Task to carry out >>
If pictures appear in the lines below, skip them and copy exactly the lines from the one containing "E-A-Rsoft Yellow Neon" through the one containing "Roter Tee Glas", and nothing else.

Records for this task >>

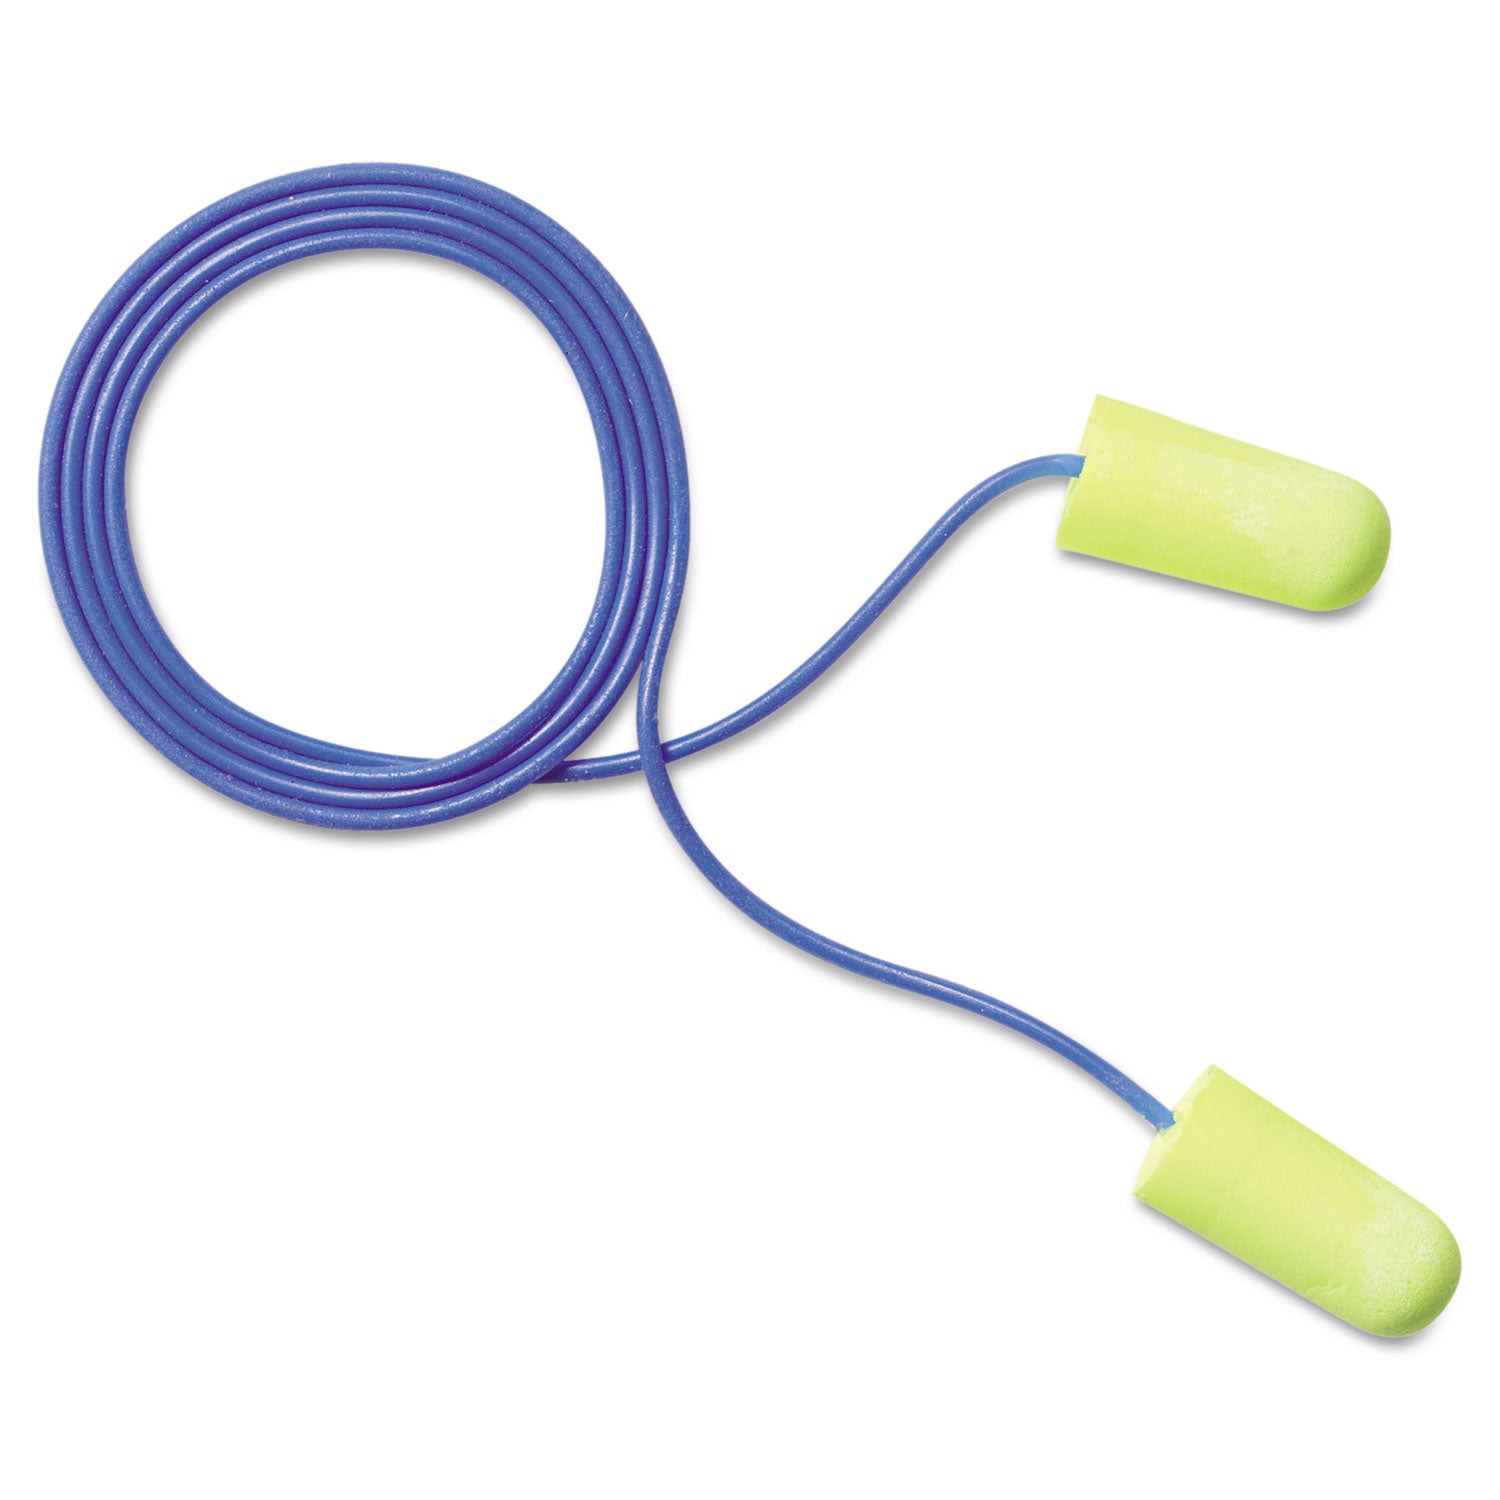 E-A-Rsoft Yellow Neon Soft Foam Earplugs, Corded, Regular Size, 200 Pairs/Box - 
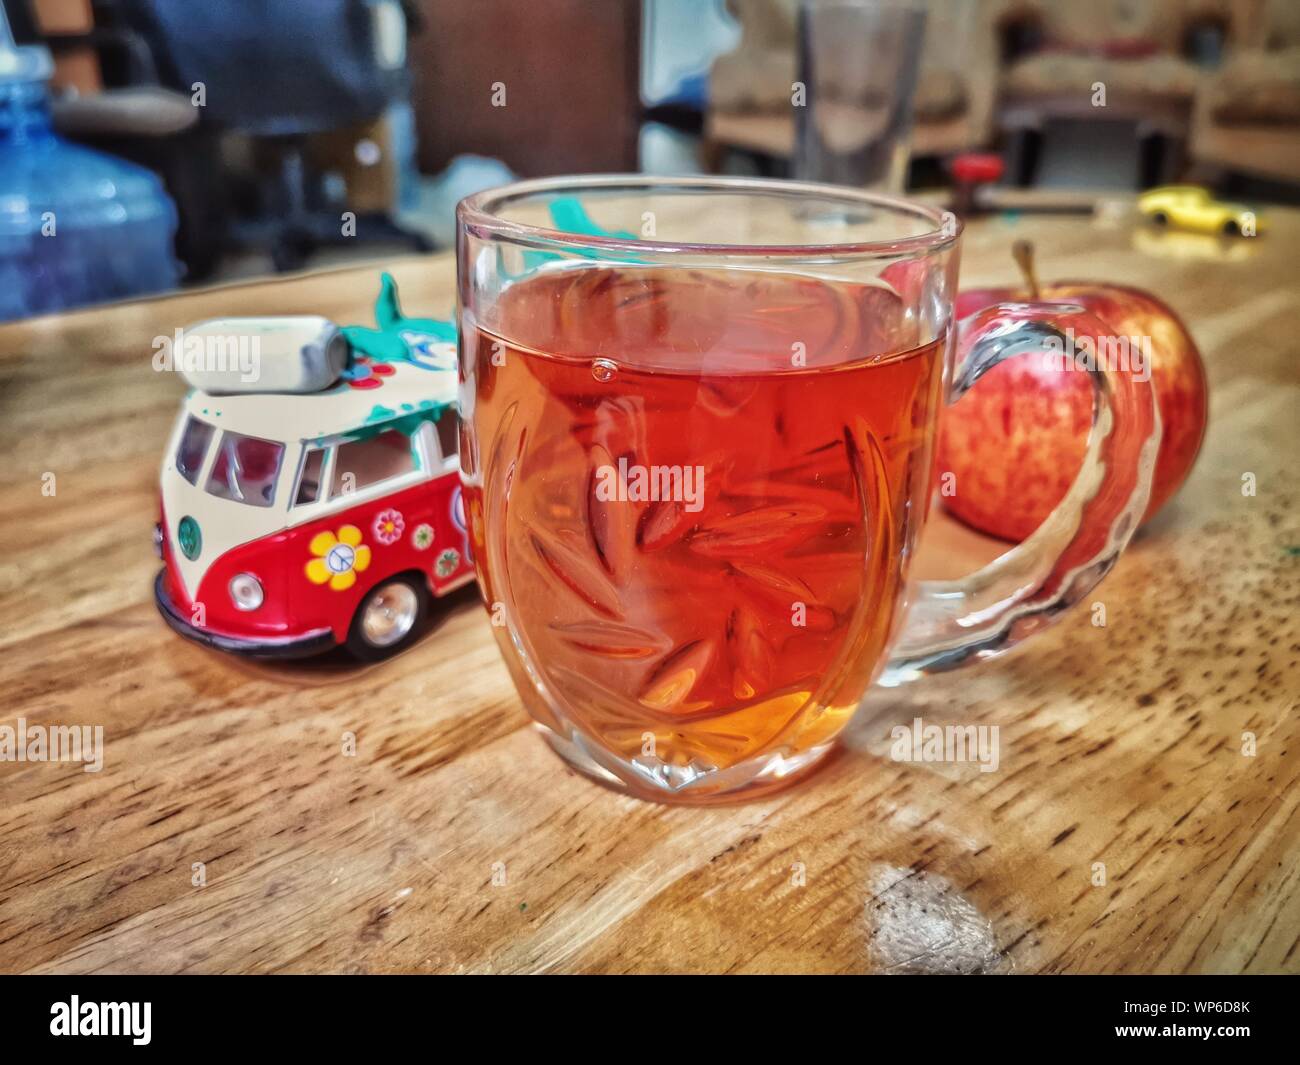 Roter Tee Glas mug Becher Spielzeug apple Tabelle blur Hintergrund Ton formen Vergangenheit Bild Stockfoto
==
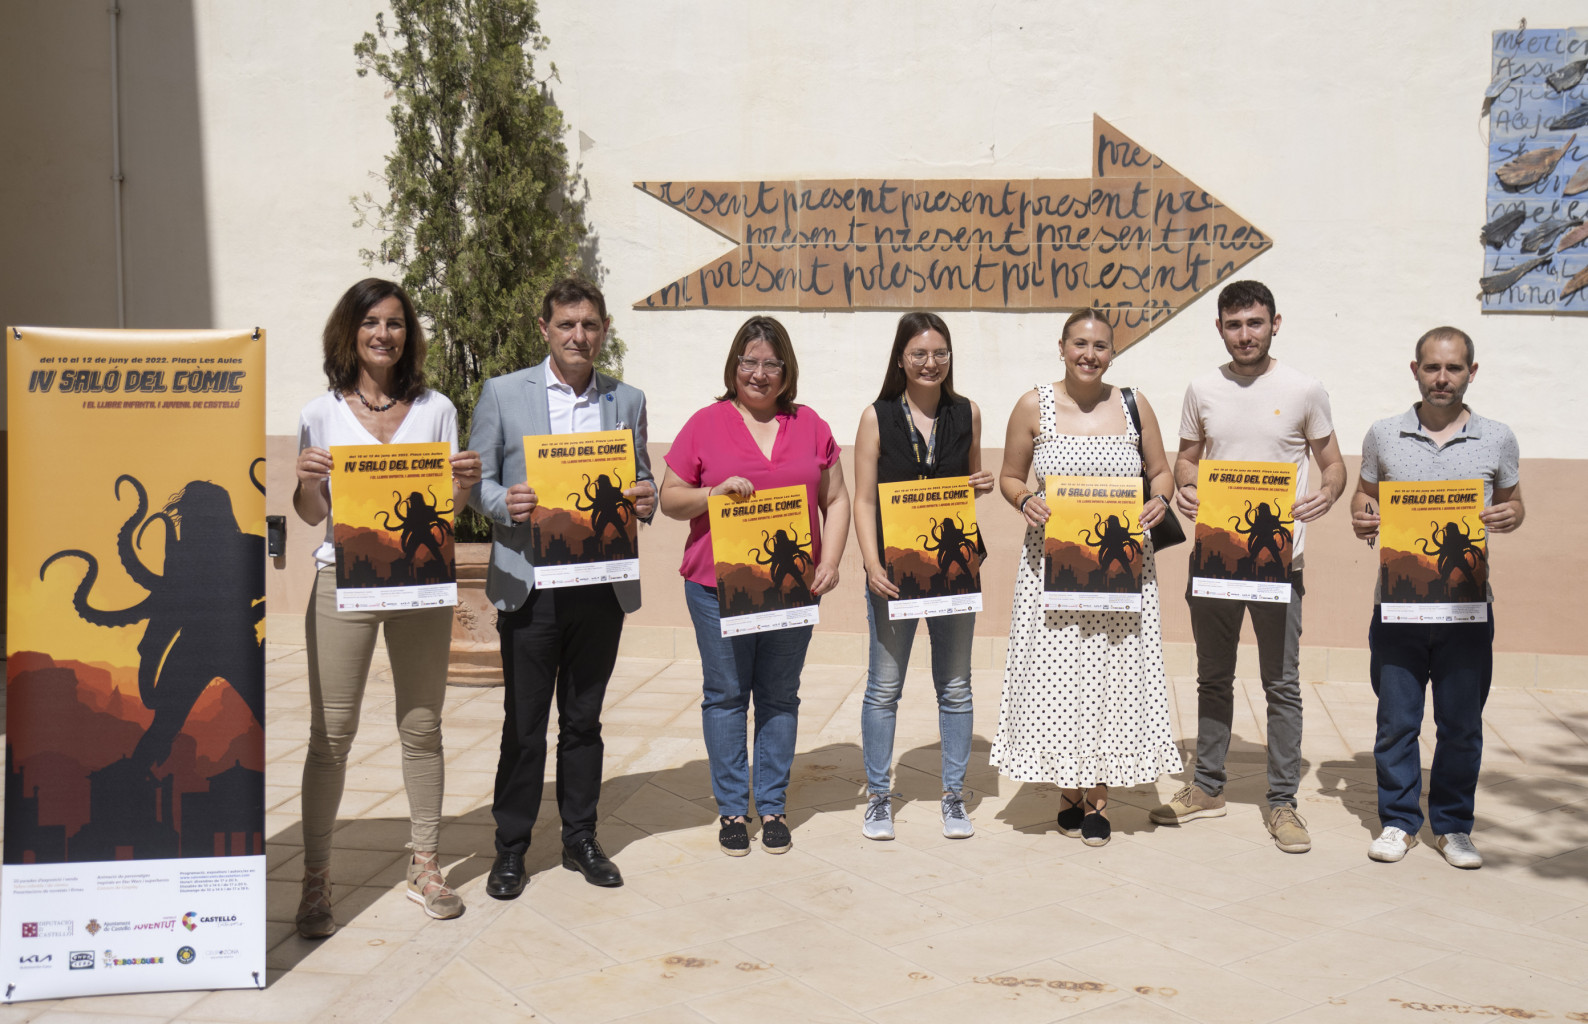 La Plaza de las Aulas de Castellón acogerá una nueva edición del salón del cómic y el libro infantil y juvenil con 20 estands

Answer to this exercise >>
 E-A-Rsoft Yellow Neon Soft Foam Earplugs, Corded, Regular Size, 200 Pairs/Box - 
 Roter Tee Glas mug Becher Spielzeug apple Tabelle blur Hintergrund Ton formen Vergangenheit Bild Stockfoto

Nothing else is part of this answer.